Кейл хотел было спросить, почему именно их портрет она повесила у себя в гостиной, но Арбелла поспешно сменила тему:
— Я хотела поблагодарить тебя за все, что ты сделал для Саймона, — произнесла она застенчиво и мягко.
Кейл не ответил, потому что не знал, что сказать, — ведь впервые с момента их встречи предмет его смущенного обожания говорил с ним так ласково, — и потому, что был наповал сражен любовью.
— Я имею в виду, что видела сегодня, как вы играете в свою игру. Саймон был так счастлив, что есть люди, с которыми… — она чуть было не сказала «он может поиграть», но сообразила, что этот юноша, который был способен и на жестокость, и на доброту, может неправильно ее понять, — которые к нему по-дружески расположены, — закончила она после заминки. — Я чрезвычайно тебе признательна.
Кейлу очень понравилась ее интонация.
— Не за что, — ответил он. — Саймон быстро все схватывает, если ему объяснить. Мы сделаем из него железного… — Уже произнося это, он понял, что говорит не совсем то, что нужно, и добавил: — Я хотел сказать: мы научим его, как постоять за себя.
— Но вы не собираетесь учить его чему-то слишком опасному? — всполошилась Арбелла.
— Мы не будем учить его убивать, если тебя это беспокоит.
— Прости, — сказала она, удрученная тем, что снова обидела его. — Я не хотела показаться грубой.
Но Кейл уже не был так болезненно чувствителен по отношению к ней, поскольку видел значительное потепление с ее стороны.
— Да нет, все в порядке. Ты прости, что я был так обидчив. ИдрисПукке всегда напоминает мне, что я всего лишь хулиган и должен следить за своим поведением, когда общаюсь с воспитанными людьми.
— Да неужели он прямо так и говорит? — рассмеялась она.
— Конечно. Он не слишком церемонится со мной, когда речь заходит о моей чувствительной стороне.
— А она у тебя есть?
— Не знаю. Думаешь, хорошо ее иметь?
— Думаю, прекрасно.
— Ну, тогда я постараюсь, хотя не знаю как.
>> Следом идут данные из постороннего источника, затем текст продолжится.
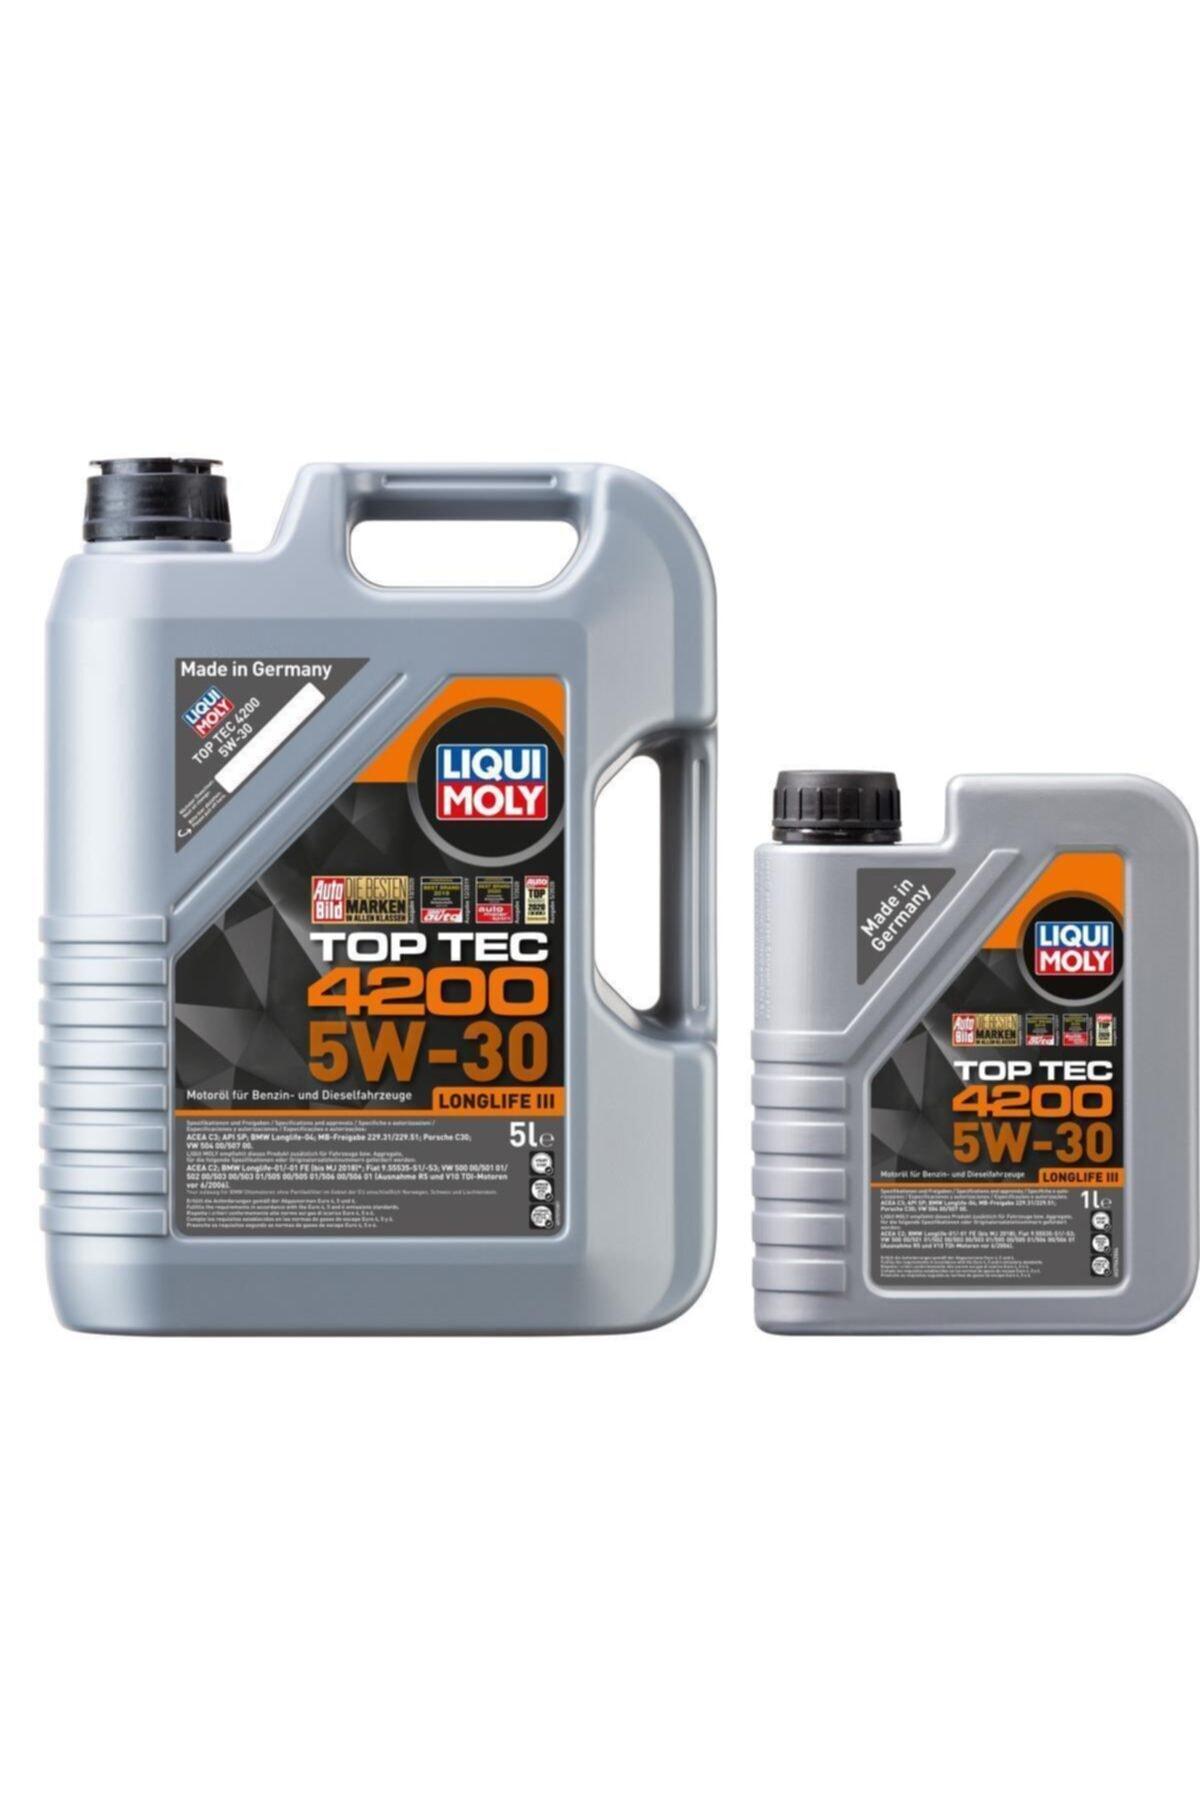 Liqui Moly Lıquı Moly 5w30 Motor Yağı Tam Sentetik Top Tec 4200 5+1 L 1

Может, ты могла бы меня одергивать, когда я веду себя как хулиган?
— Боюсь, мне будет слишком страшно, — ответила она, томно моргая.
Он расхохотался:
— Знаю, все думают, что я не более добродушен, чем хорек, но больше я не собираюсь никого убивать только за то, что меня назвали головорезом.
— О, в тебе так много хорошего, — сказала она, продолжая трепетать ресницами.